### AIM OF THE EXERCISE
The answer must consist solely of the lines below starting at the one containing "Mens Clothing Moschino, Style" and ending at the one containing "c++ program to", repeated exactly, with both ends included and all pictures omitted.

### TASK INPUT
____

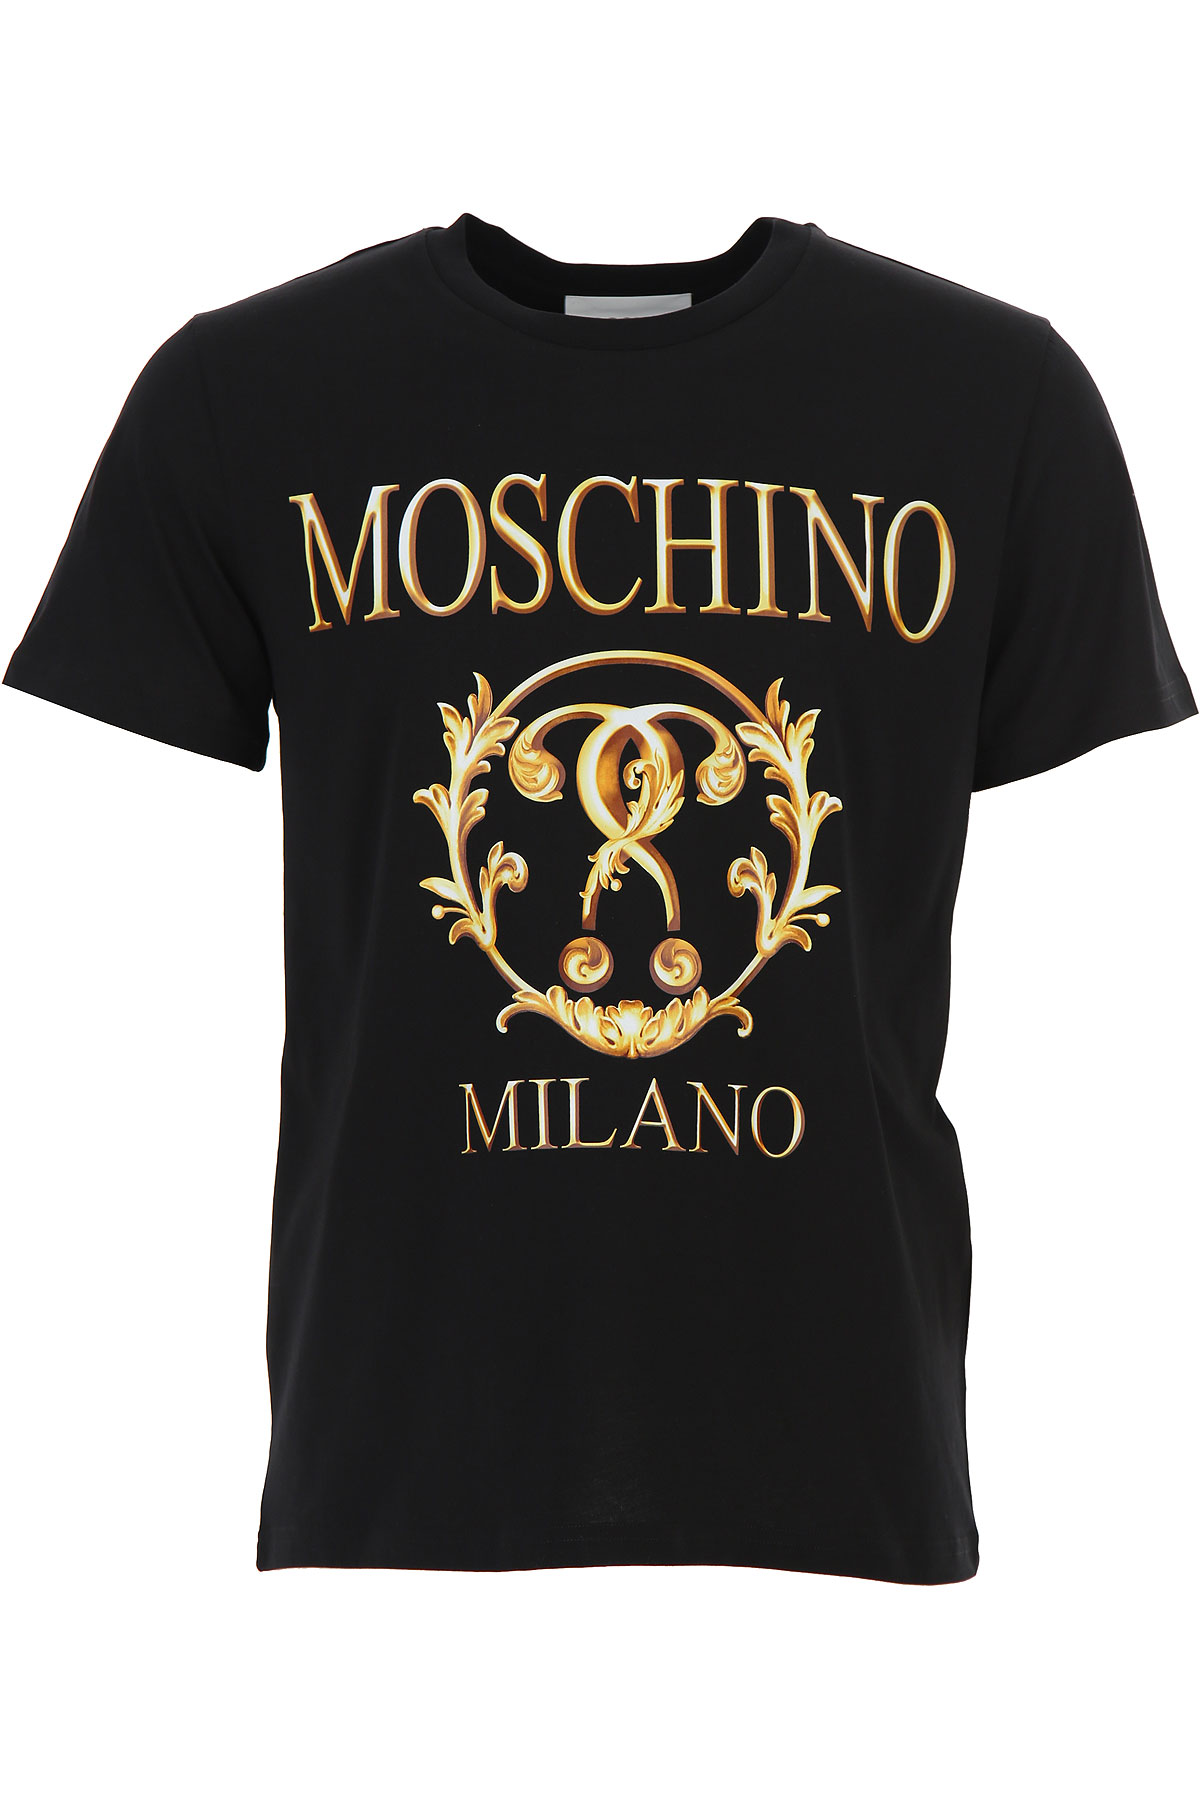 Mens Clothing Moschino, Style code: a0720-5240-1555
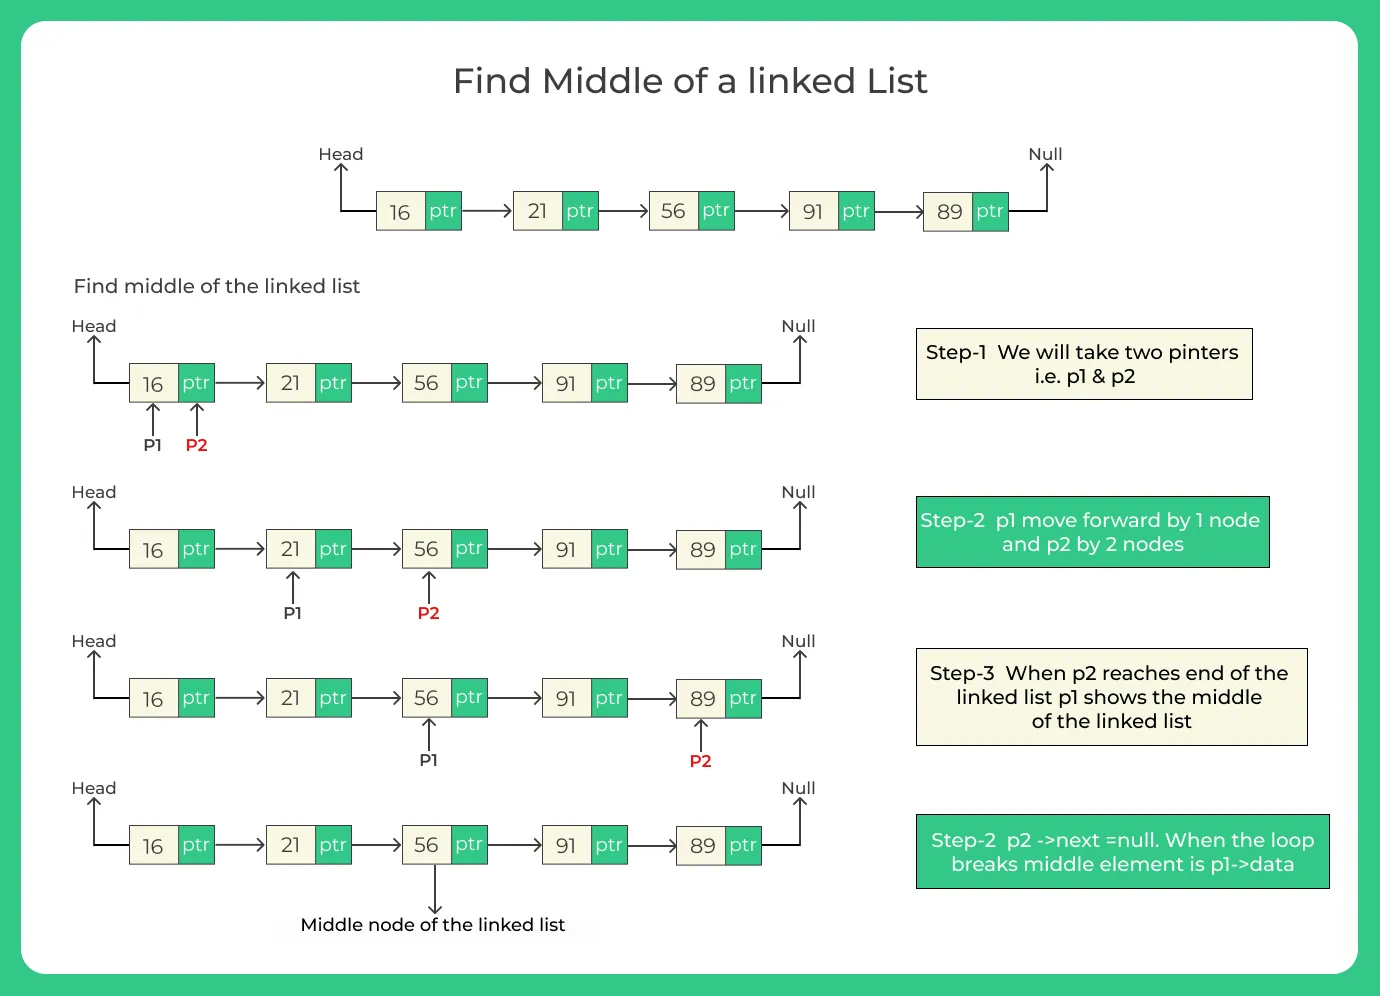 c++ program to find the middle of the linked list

____

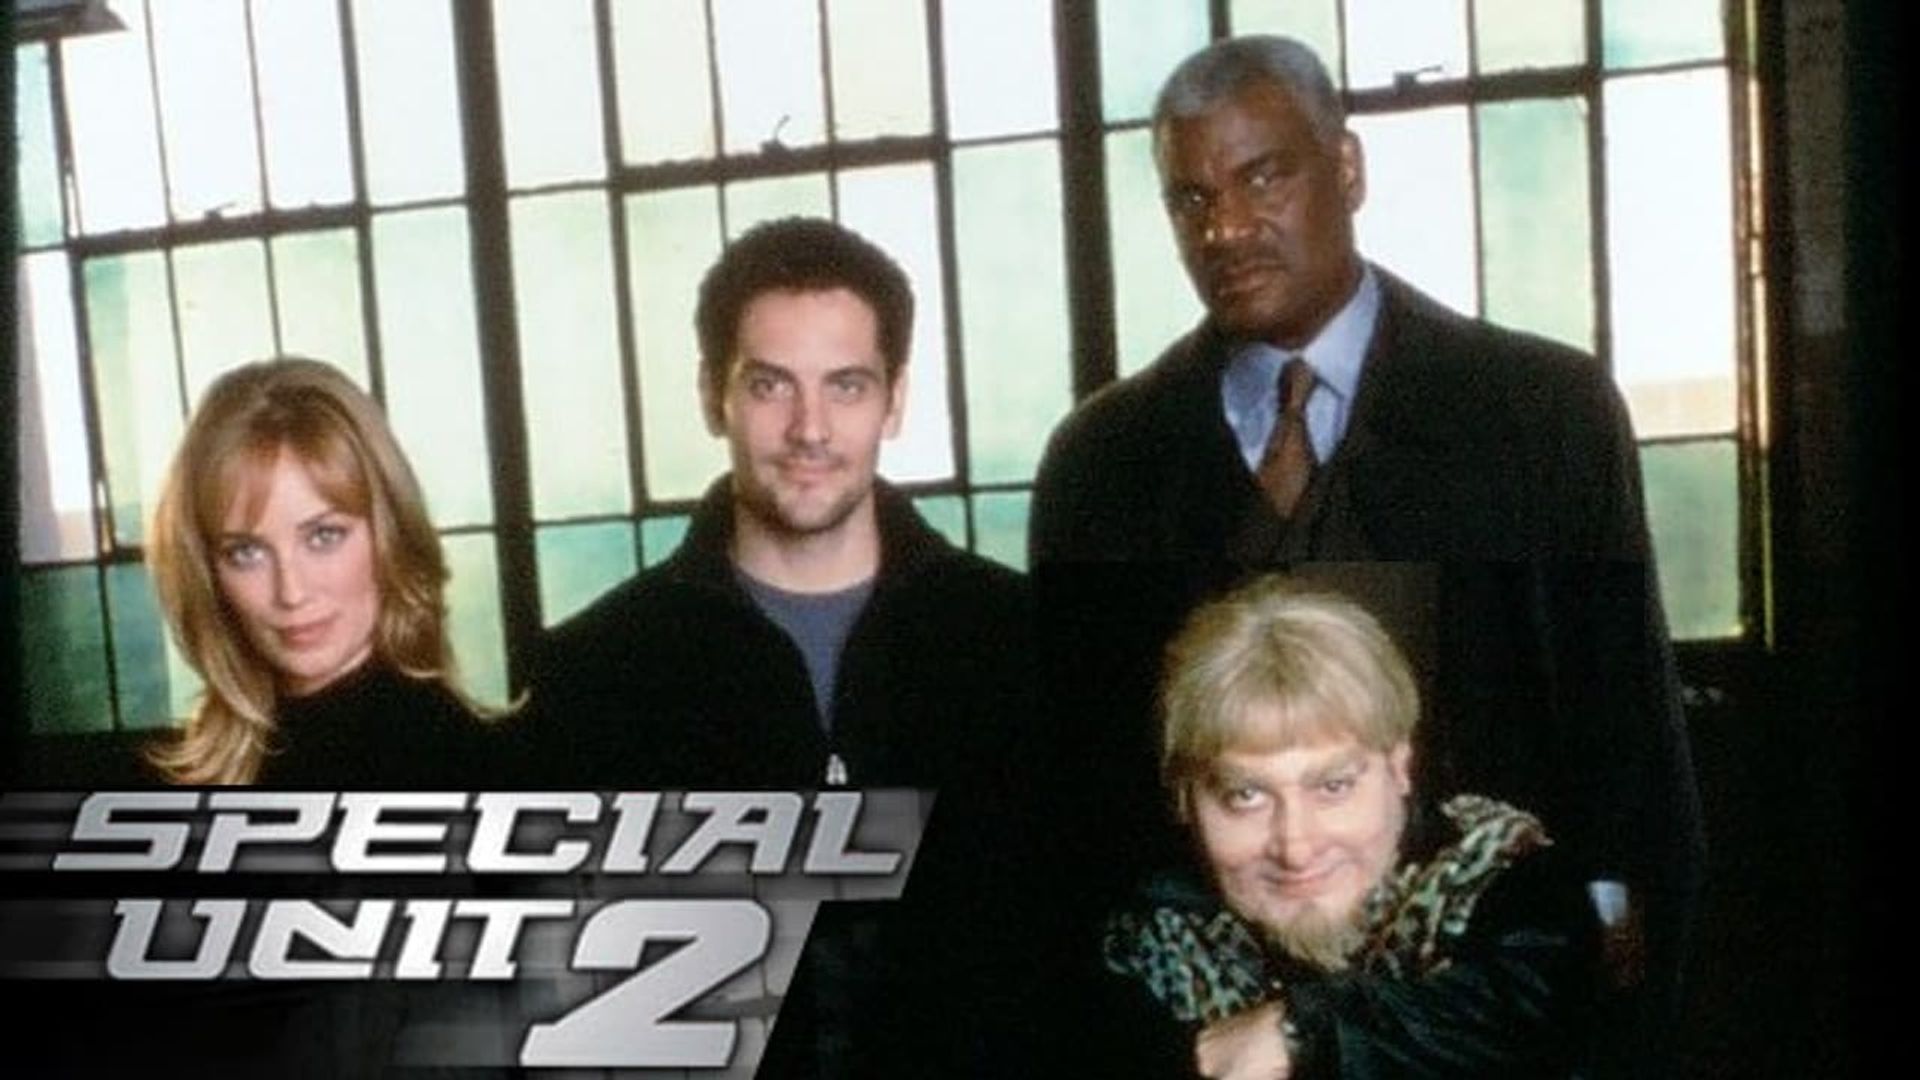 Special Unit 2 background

____

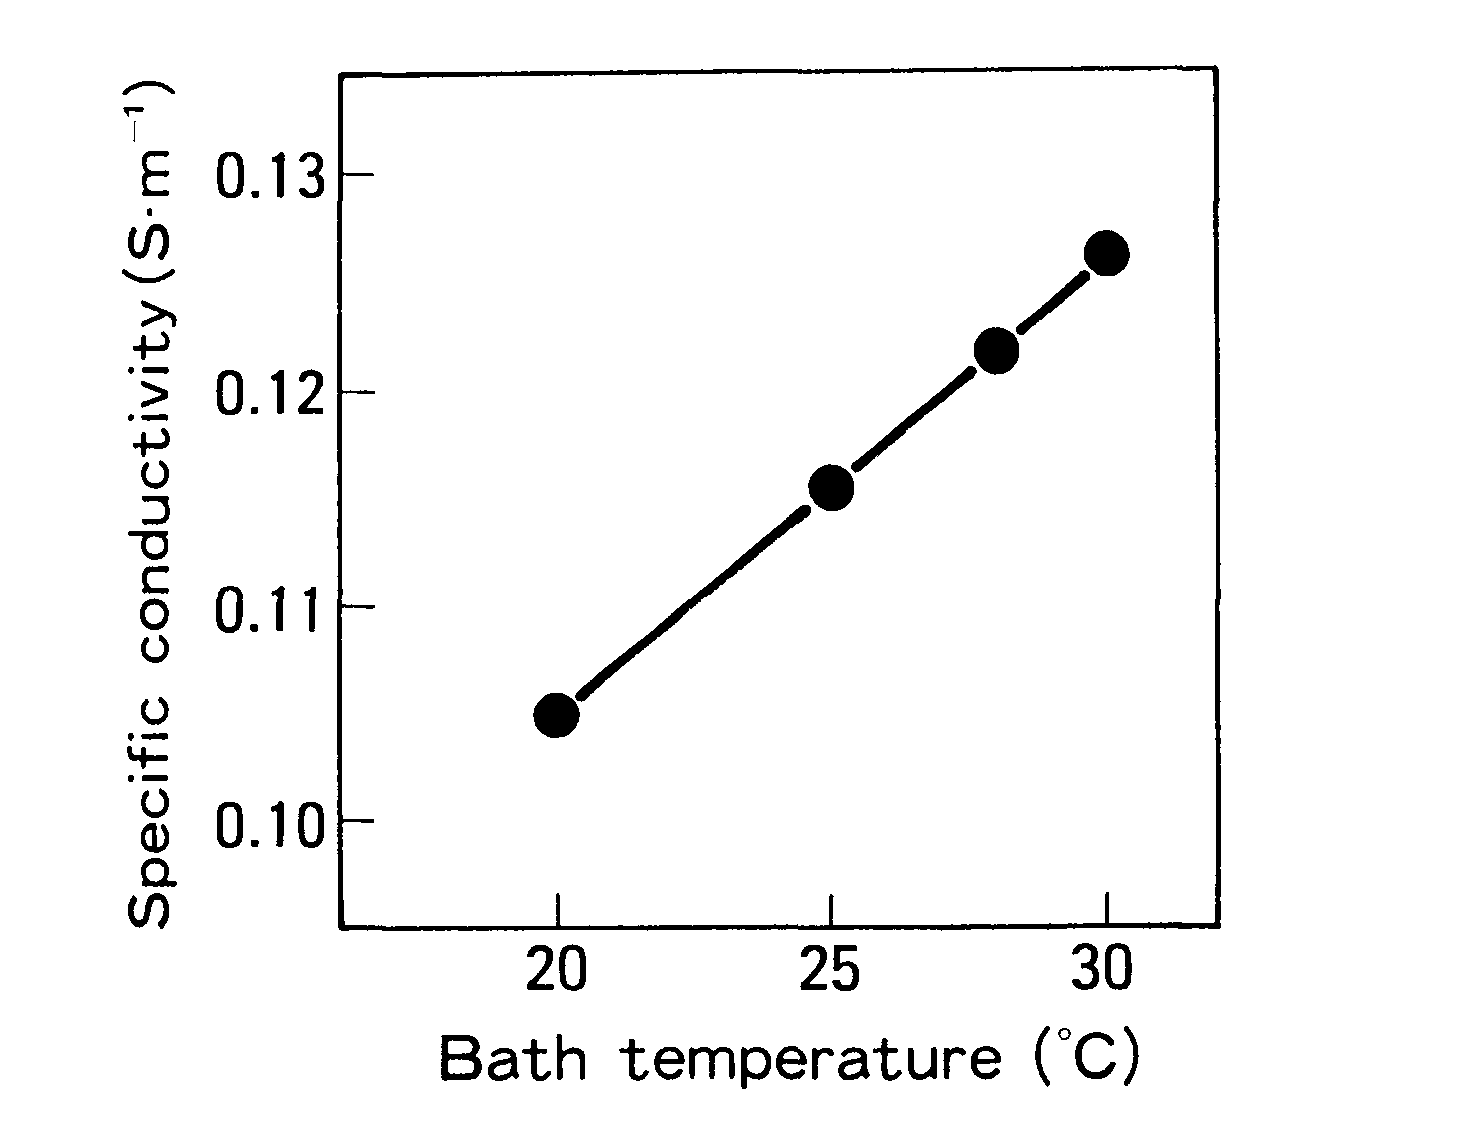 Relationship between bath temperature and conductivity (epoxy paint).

____

### RESULT OF THE EXERCISE
 Mens Clothing Moschino, Style code: a0720-5240-1555
 c++ program to find the middle of the linked list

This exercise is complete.